»Der Leuchtturmwärter von der Goldenen-Tor-Station telephoniert, er habe soeben den Dampfer Hongkong der San Franzisko-China-Linie gesichtet. Der Dampfer werde von einem kleinen Honolulu-Trampdampfer eingeschleppt. Sie alle wissen, daß die Hongkong überfällig ist. Um was es sich handelt, läßt sich ja allerdings noch nicht sagen. Mr. Lascelles, ich habe zwei Schleppdampfer beordert —«
»Weshalb zwei?«
»Wir haben Eile. Ich möchte vorschlagen, daß wir die Nachmittagsausgabe zwei Stunden früher erscheinen lassen mit zwölf bis zwanzig Spalten Hongkong an erster Stelle. Ich persönlich bin dafür, alles andere Lokale hinauszuwerfen.
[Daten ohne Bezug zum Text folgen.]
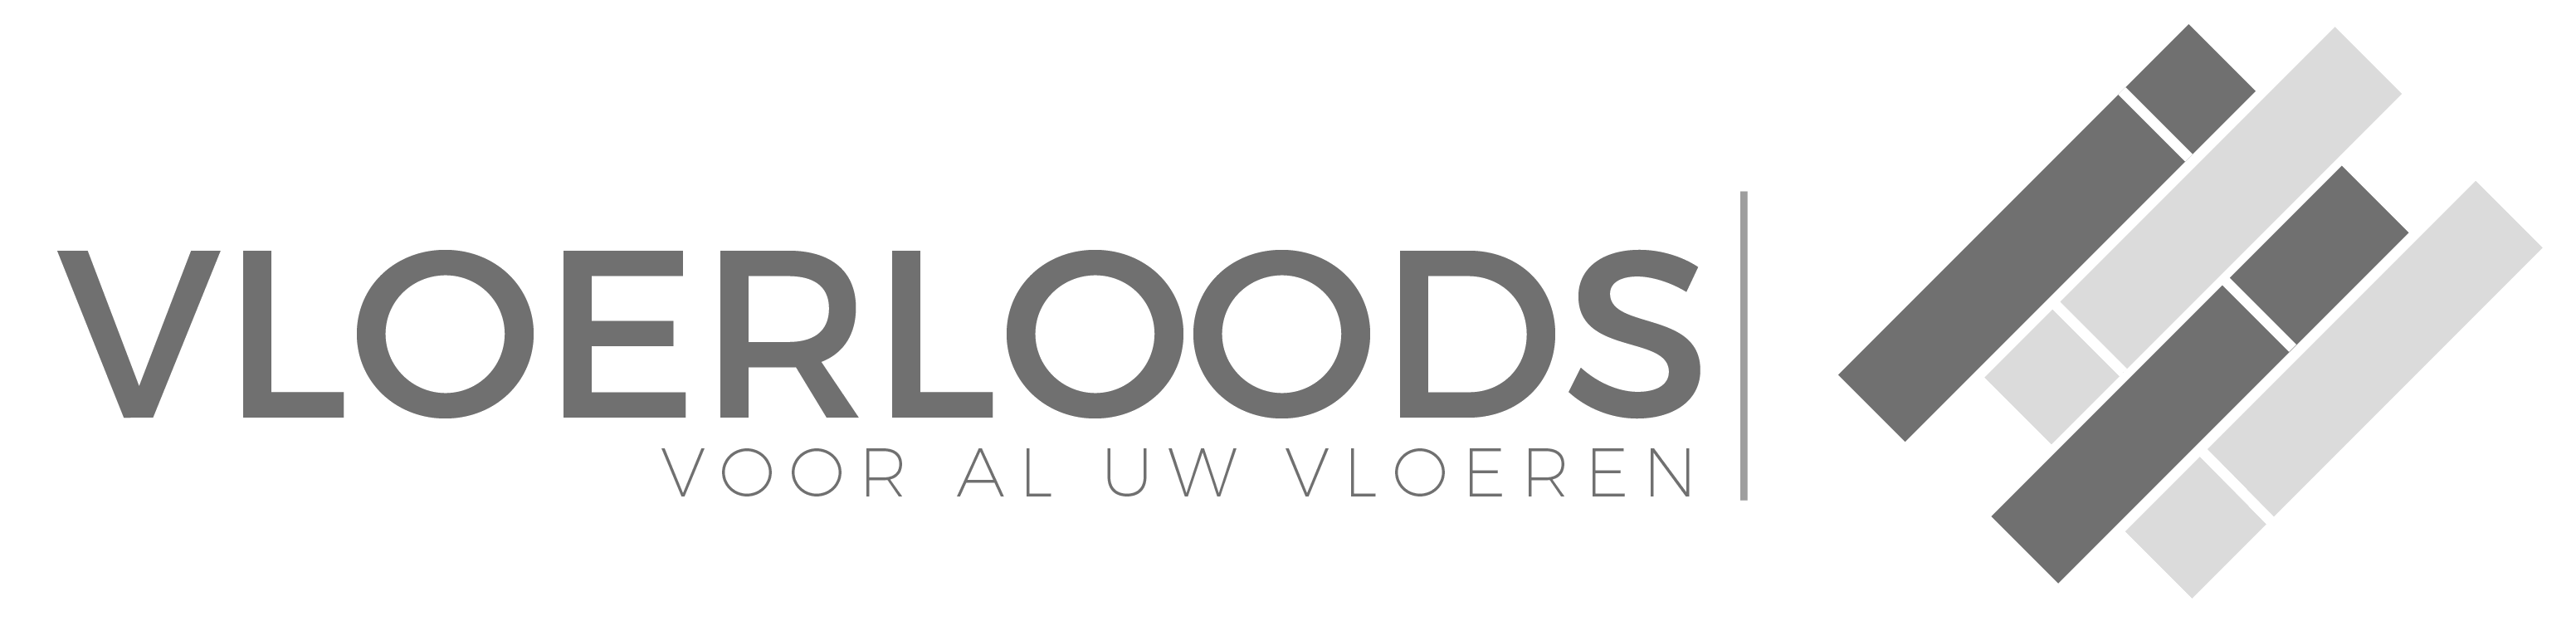 Vloeren van Vloerloods.nl

Nur Hongkong, wichtige Politik, Börse, Vermischtes. In zwei Stunden frühestens hat der »Call« die Nachricht von den Behörden, auf jeden Fall aber nach uns. Selbst wenn es sich nur um eine Stunde oder auch eine halbe Stunde Differenz handeln sollte, so haben wir doch Vorsprung, und die Leute vom Call kommen sicher nicht auf den Gedanken, daß wir zwei Stunden früher erscheinen könnten!«
»Teufel — das können wir aber doch nicht, Mac!«
»Ich meine, es müßte eben gehen,« sagte Allan McGrady nachdenklich. »Wir lassen die Setzer und die Maschinenleute der Nachtschicht holen. Was Manuskript anbetrifft, so soll der zweite Schlepper die ersten Nachrichten übermitteln, sobald es nur irgendwie geht, und der Rest muß eben auch im Handumdrehen da sein — ich kann mich auf meine Leute verlassen.« (Es geschah sehr selten, daß McGrady dergleichen sagte, aber wenn es geschah, so hätten wir uns in Stücke zerreißen lassen für ihn!!)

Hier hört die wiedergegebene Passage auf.